Some limitations exist in our study. First, the sample size was still not large enough, although the PTC and ETC were used to enhance the statistical power. Second, the robustness of radiomics features still needs to be improved due to the diverse PET/CT scanners and acquisition protocols, although image preprocessing and feature normalization were performed. Third, the number of patients and samples collected in the RGC is small owing to the difficulty of collecting fresh tissue samples. Fourth, we did not provide in-depth mechanism studies, although we provide multilevel evidence that links ORRF with lncRNA and mRNA in LUAD. Fifth, we only included patients with LUAD, and there is a limitation in daily clinical practice because some pulmonary nodules are too small to determine their pathology before surgery.

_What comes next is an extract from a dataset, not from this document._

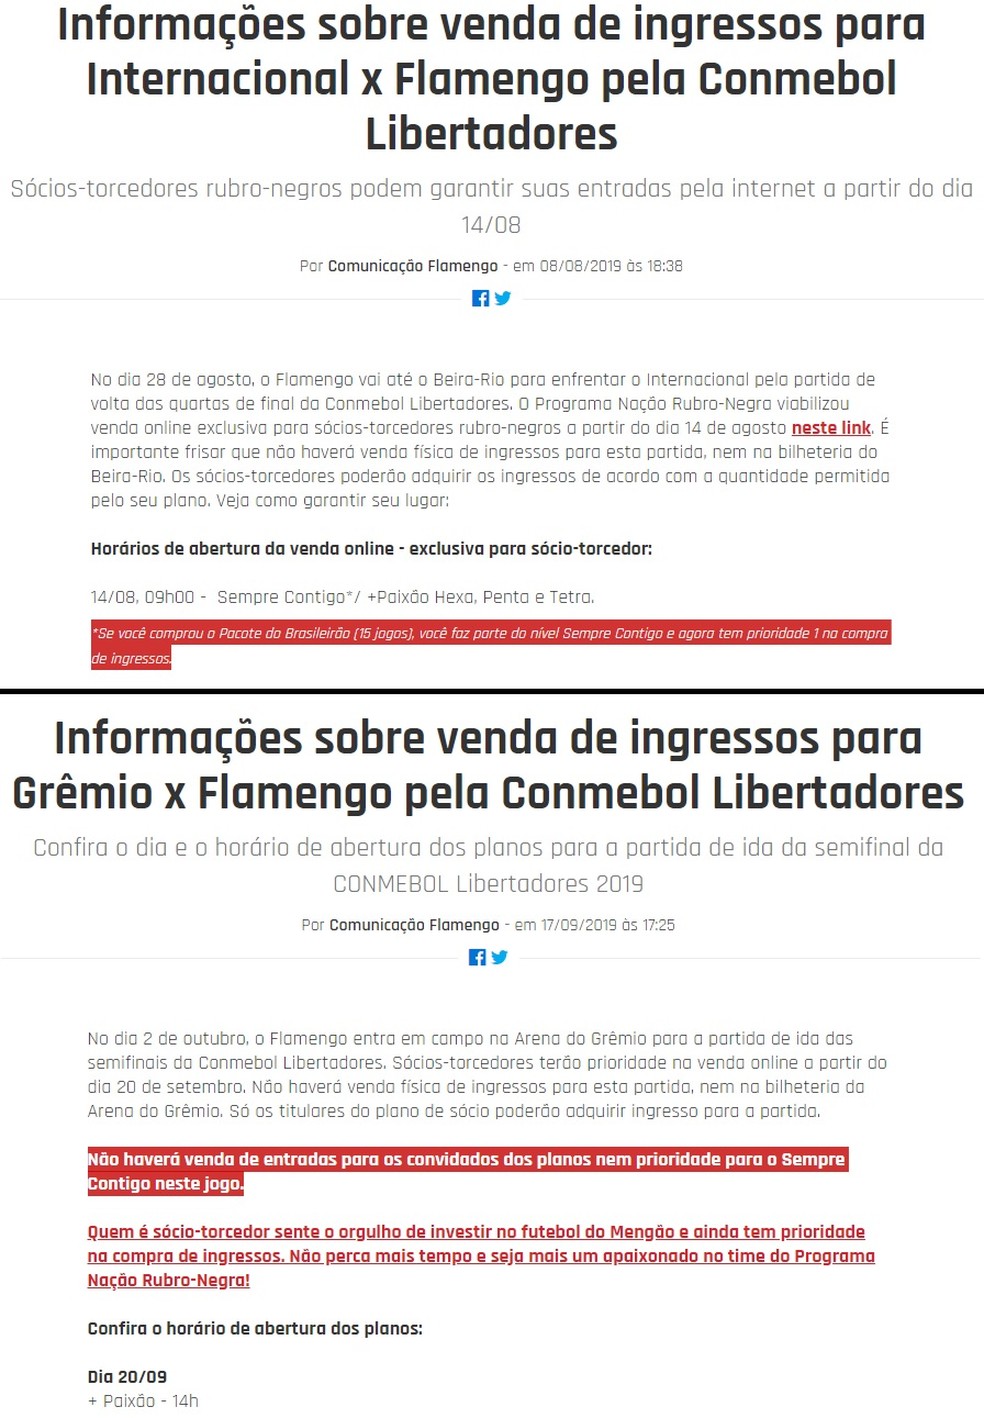 NotÃ­cias no site oficial tratam de forma diferente prioridade do pacote contra Inter e GrÃªmio â€” Foto: ReproduÃ§Ã£o

In summary, our study showed the effectiveness of Radscore based on PET/CT that can be used to predict the OLM and as an independent prognostic factor for postoperative recurrence in patients with cN0 LUAD. Besides, the Radscore capturing information for OLM and prognosis was primarily associated with immune regulation, such as T-cell activation and natural killer cell-mediated cytotoxicity. Furthermore, four key genes (MIR600HG, FAM13A-AS1, AQP4 and GRIA1), especially the MIR600HG gene, play important roles in OLM and prognosis of early-stage LUAD, which could provide new ideas for early diagnosis and treatment of LNM in LUAD.